Трудно точно идентифицировать редкие варианты с использованием стандартных методов NGS с частотой мутаций (10–10). Ошибки, возникающие на ранних этапах подготовки проб, можно определить как редкие варианты. Примером таких ошибок является C>A / G>T трансверсия, которая обнаруживается на низких частотах с использованием данных глубокого секвенирования или целевого захвата и возникает в результате окисления ДНК во время подготовки образца. Эти типы ложноположительных вариантов отфильтровываются методом дуплексного секвенирования, поскольку мутации должны быть точно сопоставлены в обеих цепях ДНК, чтобы их можно было подтвердить как истинные мутации. Дуплексное секвенирование теоретически может обнаруживать мутации с частотой от 10 до 10 стандартных методов NGS.

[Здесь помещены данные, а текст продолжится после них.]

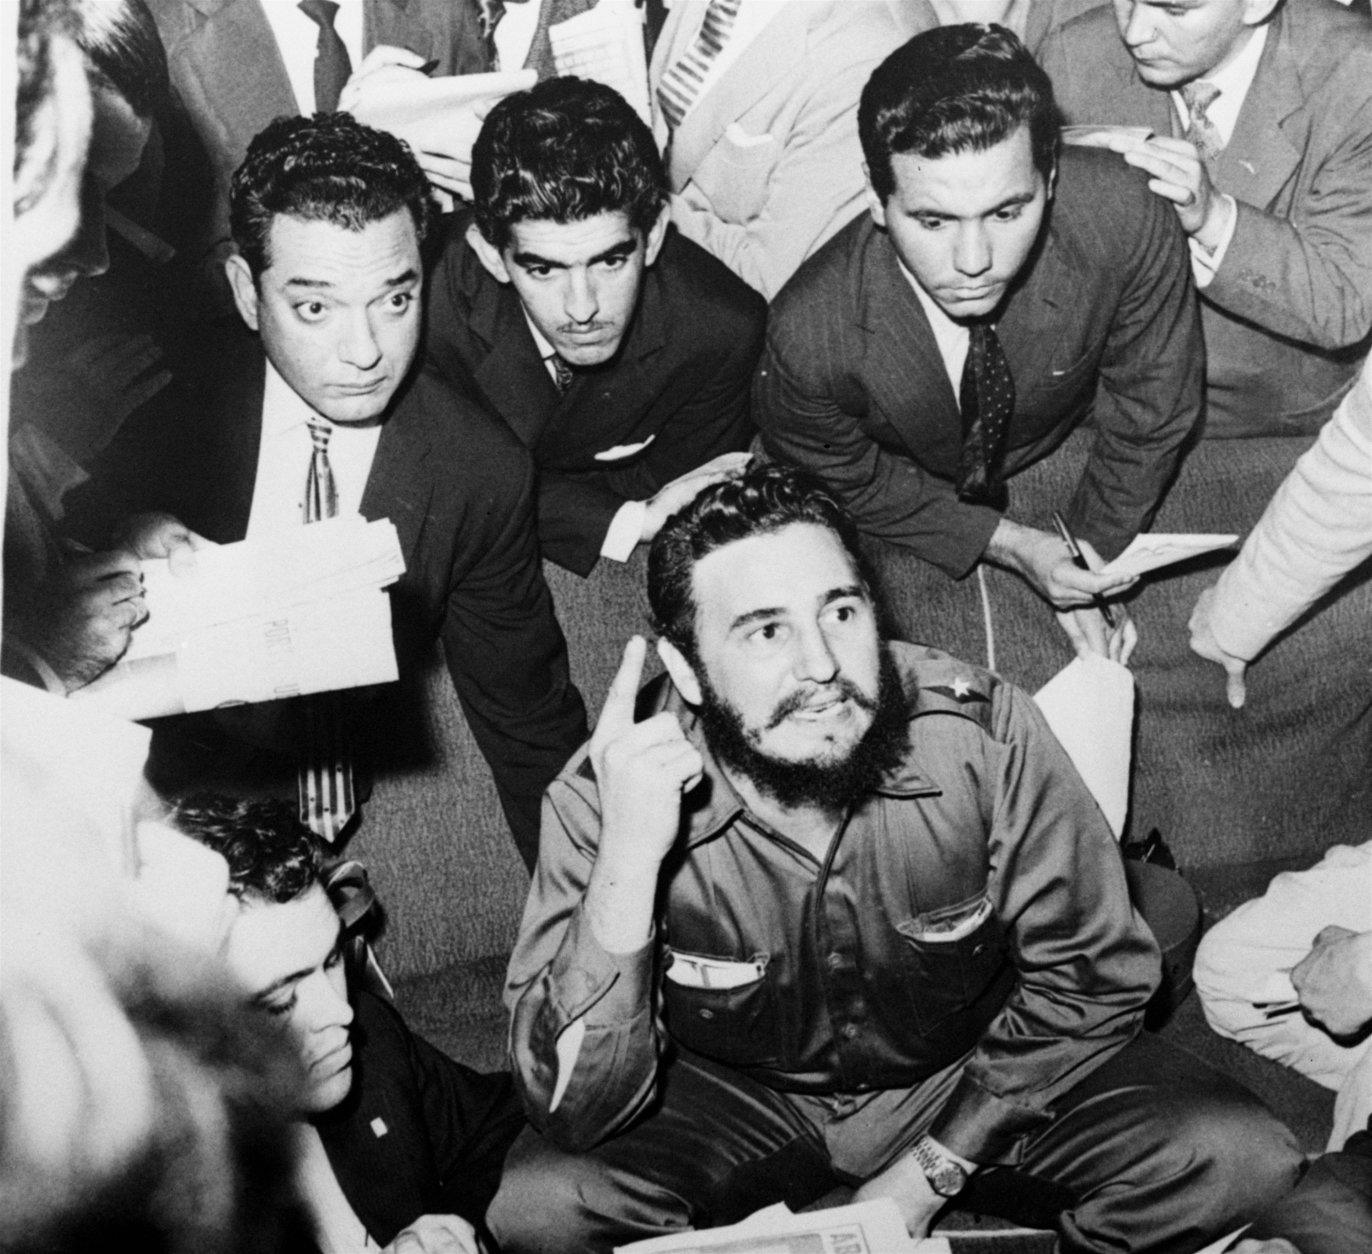 At the Hotel Excelsior, in Sao Paulo, Brazil, Fidel Castro holds a brief news conference, April 30, 1959, in which he said: "Batista [former dictator Fulgencio Batista] will not come back. He is definitely destroyed as a politician."  (AP Photo)
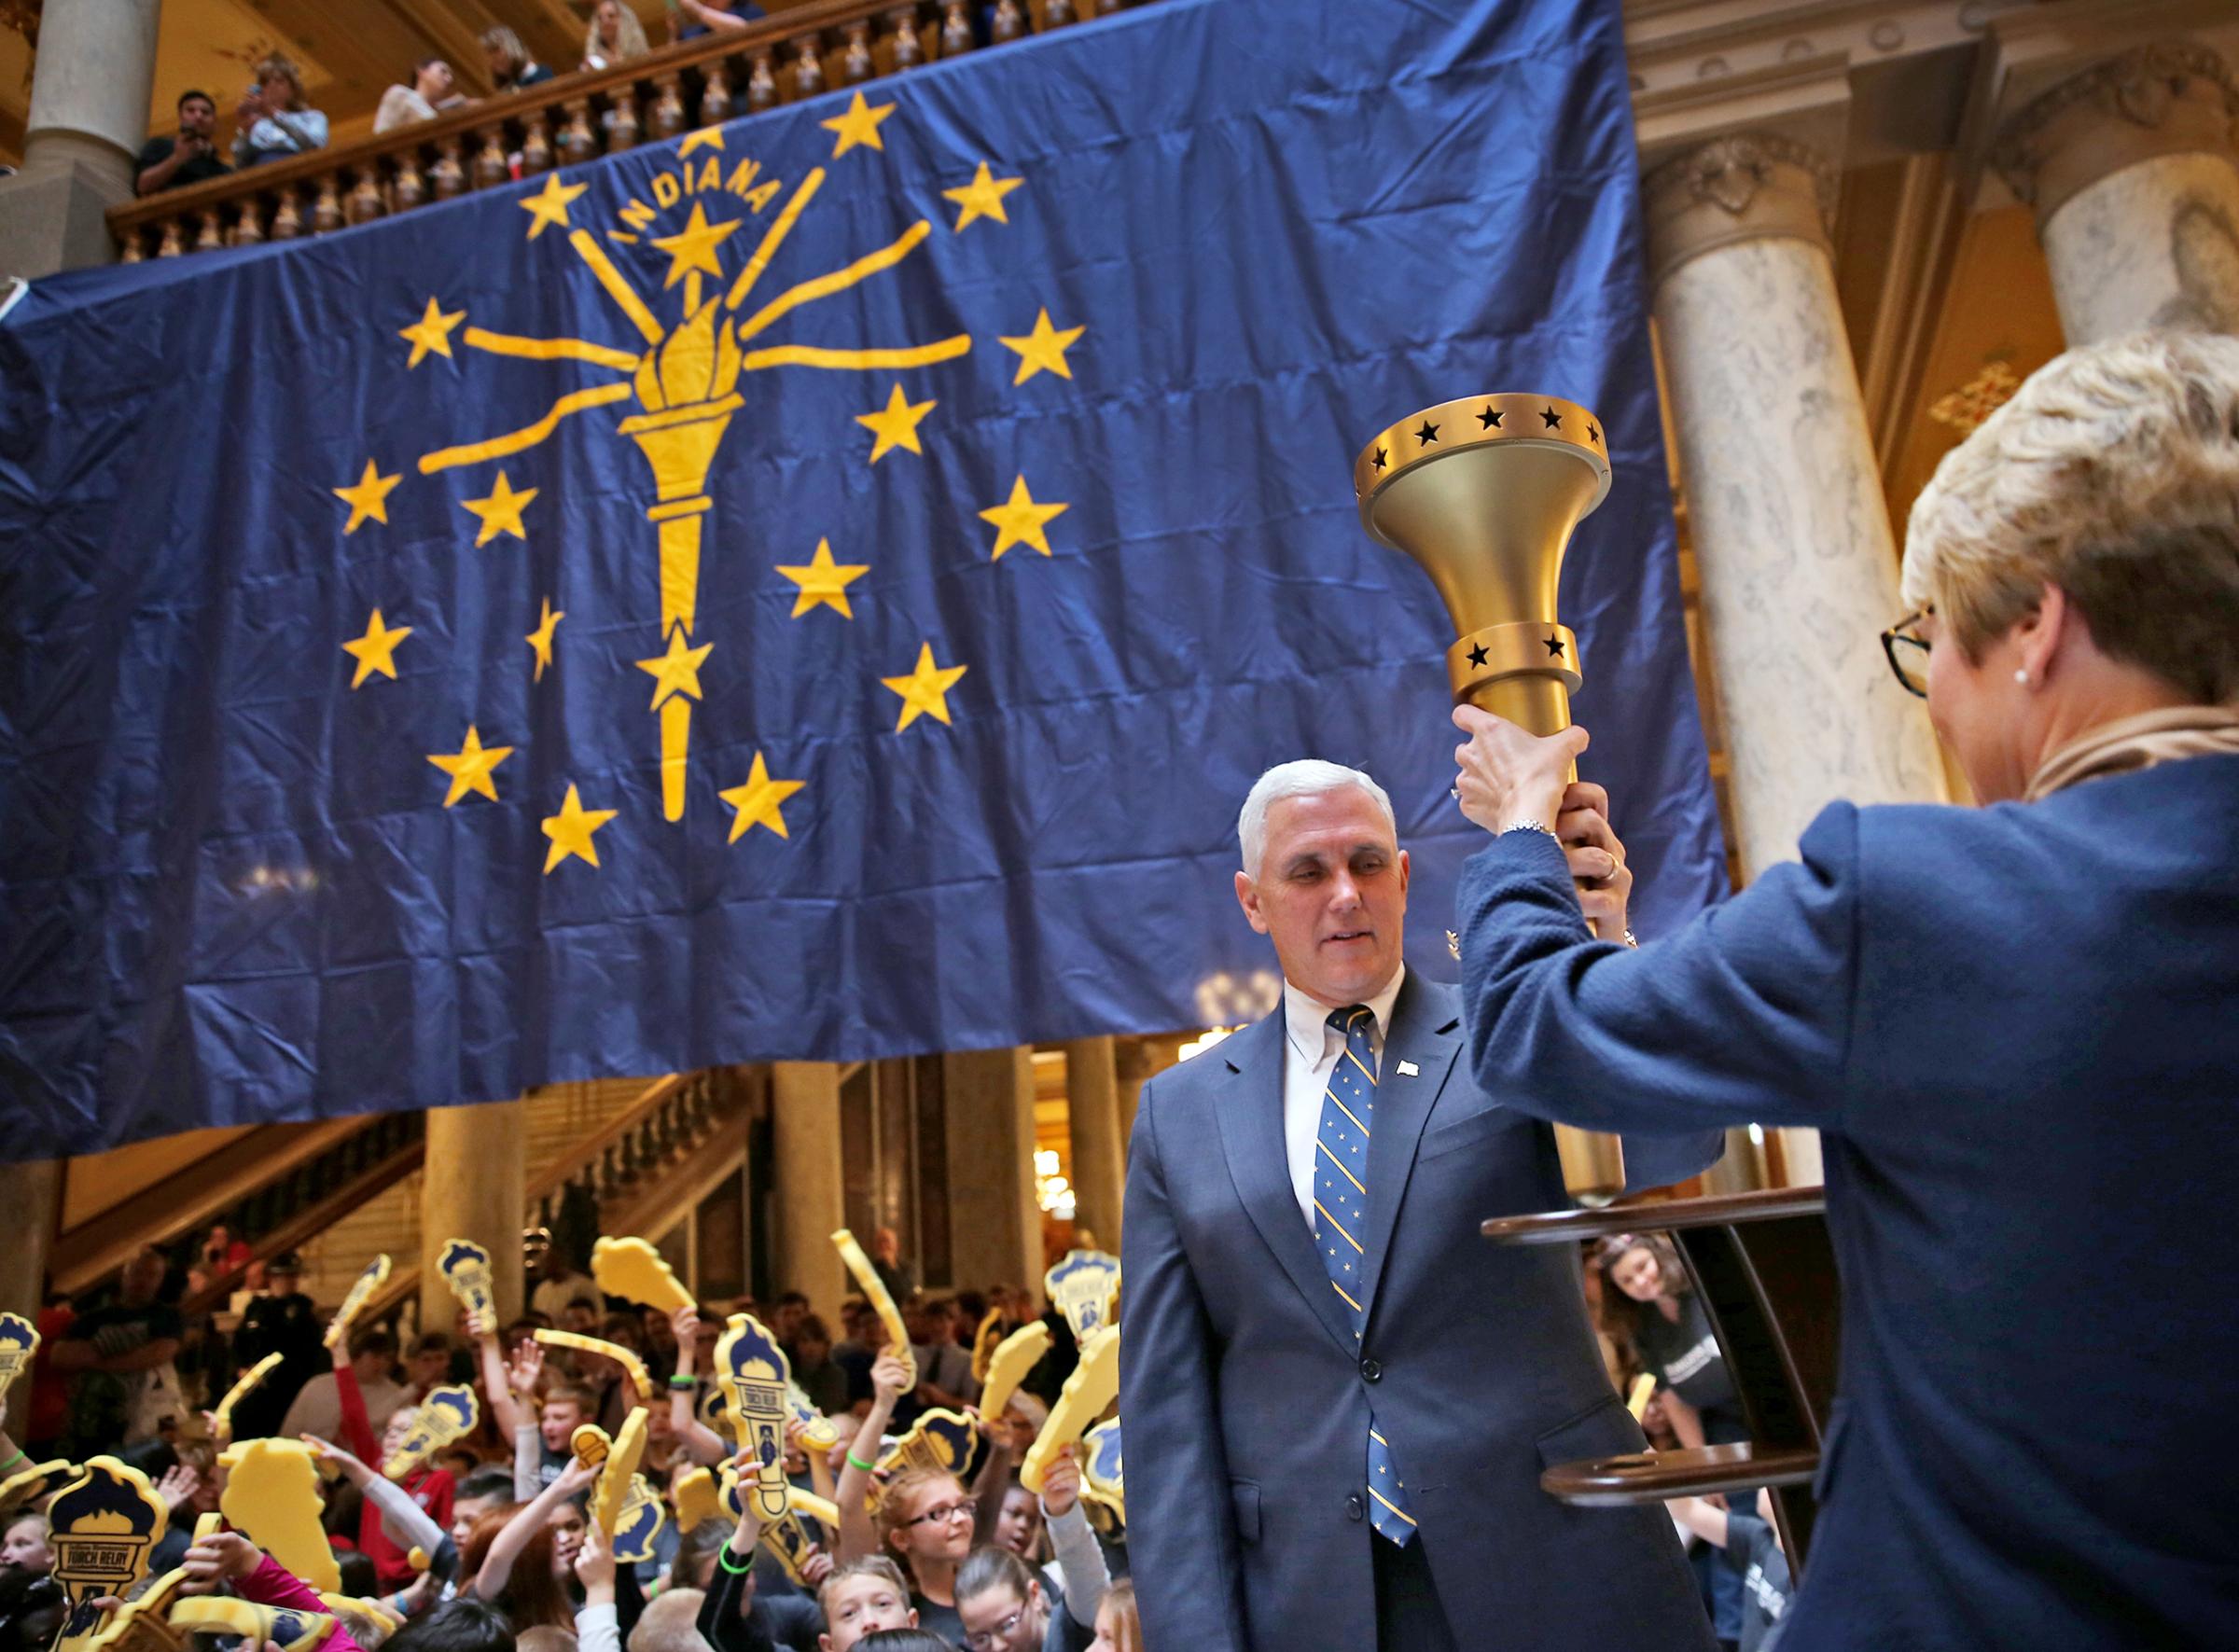 Ind. Gov. Mike Pence and Lt. Goc. Sue Ellspermann unveil the Indiana Bicentennial Torch during a Statehouse event in Indianapolis on Dec. 11, 2015.

Еще одним преимуществом дуплексного секвенирования является то, что его можно использовать в сочетании с большинством платформ NGS без внесения существенных изменений в стандартные протоколы.
Поскольку дуплексное секвенирование обеспечивает значительно более высокую точность секвенирования и использует информацию в обеих цепях ДНК, этот метод требует гораздо большей глубины секвенирования и, следовательно, является дорогостоящий подход. Высокая стоимость дуплексного секвенирования ограничивает его применение в настоящее время для целевого секвенирования и секвенирования ампликона и не будет применяться для подходов к секвенированию всего генома. Однако с уменьшением стоимости NGS применение дуплексного секвенирования для более крупных ДНК-мишеней станет более осуществимым.
Дуплексное секвенирование - это новый метод, и его эффективность изучалась в ограниченных приложениях, таких как обнаружение точечных мутаций с использованием целевого секвенирования захвата. Необходимо провести дополнительные исследования, чтобы расширить применение и возможность дуплексного секвенирования для более сложных образцов с большим количеством мутаций, отступов и вариаций числа копий.
Дуплексное секвенирование и значительное повышение точности секвенирования оказывают важное влияние на такие приложения, как обнаружение редких генетических вариантов человека, обнаружение субклональных мутаций, связанных с механизмами устойчивости к терапии при генетически гетерогенных раковых опухолях, скрининг вариантов в циркулирующей опухолевой ДНК, например неинвазивный биомаркер и пренатальный скрининг для выявления генетических аномалий у плода.
Еще одно предлагаемое применение дуплексного секвенирования - определение числа копий ДНК / РНК путем оценки относительной частоты вариантов. Метод подсчета молекул-шаблонов ПЦР с применением для секвенирования следующего поколения.
Список необходимых инструментов и пакетов для анализа SSCS и DCS можно найти в программном обеспечении пакет.